BT's origins date all the way back to the inception of the first telecommunications companies in the United Kingdom, starting with the introduction of the first commercial telegraph service in the early nineteenth century. As these companies amalgamated, were taken over or collapsed, the survivors were eventually transferred to state control under the Post Office and ultimately to the privatised British Telecommunications plc.

On 19 July 1982, the Government formally announced its intention to privatise British Telecom with the sale of up to 51 per cent of the company's shares to private investors. British Telecom's flotation was the first in a series of privatisations of state-owned utilities throughout the 1980s and into the 1990s. The new BT is structured so that BT Group plc provides a holding company for the separately managed businesses which make up the group. These are BT Retail, BT Wholesale, BT openworld and BT Ignite, each of which has the freedom to focus on its own markets and customers. By understanding their customers better, they can move quickly to seize opportunities and meet challenges.

I will be looking at BT Retail in particular today and looking at the main role and the aims that the organisation attempts to achieve.

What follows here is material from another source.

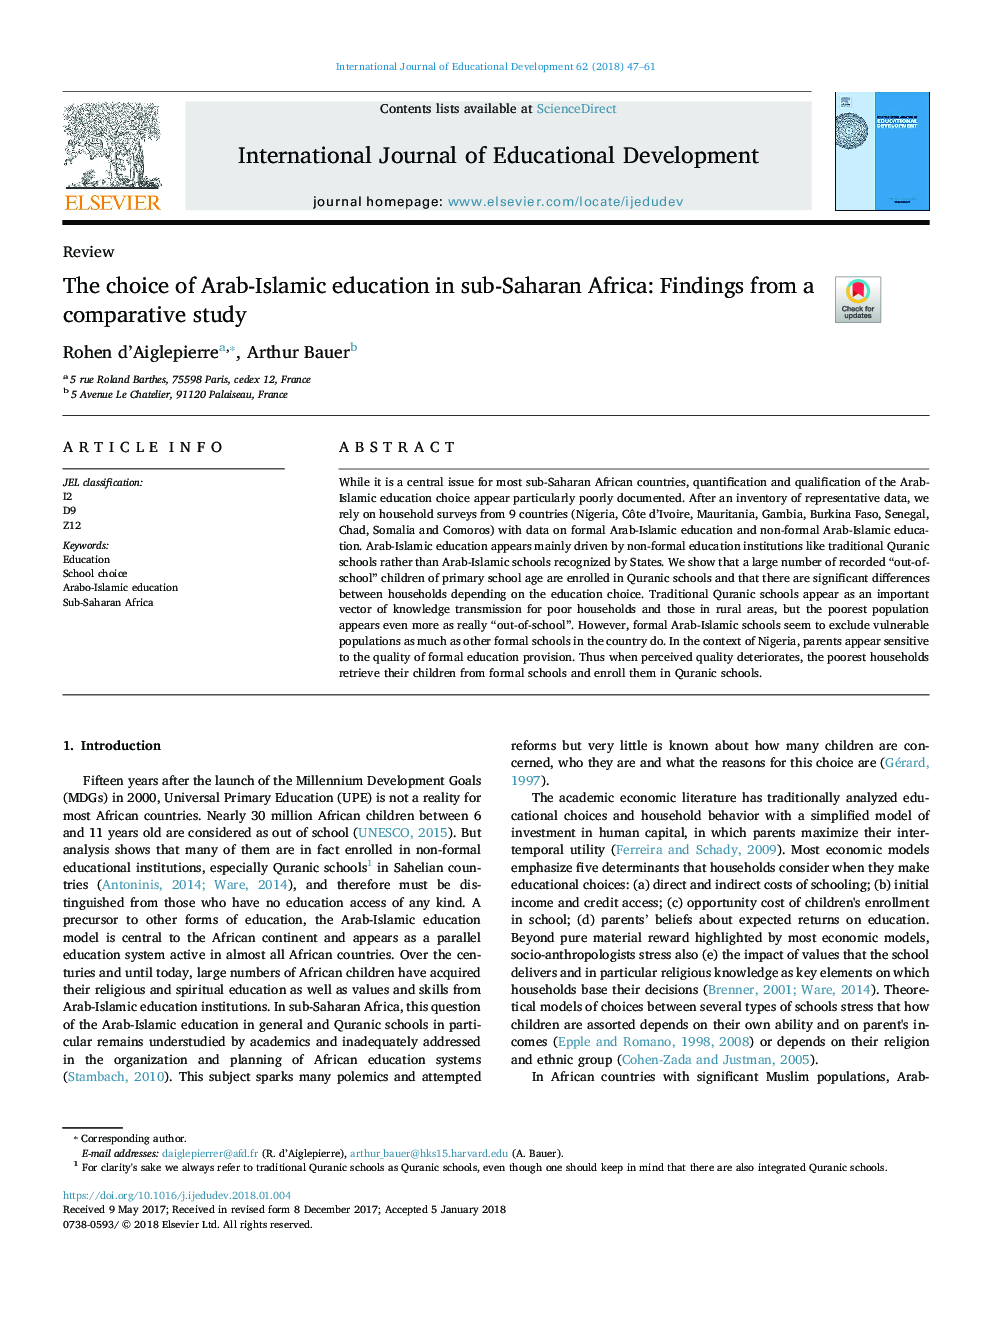 انتخاب آموزش و پرورش عرب اسلامی در کشورهای جنوب صحرای آفریقا: یافته های یک مطالعه مقایسه ای

BT Retail is the UK's largest communications service provider, by market share, to the residential and business markets. It is the prime channel to market for the other businesses in the BT Group and it trades under the BT label. The delivery of customer satisfaction is the cornerstone of BT Retail's strategy, and its key objective is to provide a significantly better service experience than any of its main competitors. At the same time as working to bring dramatic improvements in the quality of service delivery, BT Retail is also focusing on reducing costs through greater efficiency and productivity.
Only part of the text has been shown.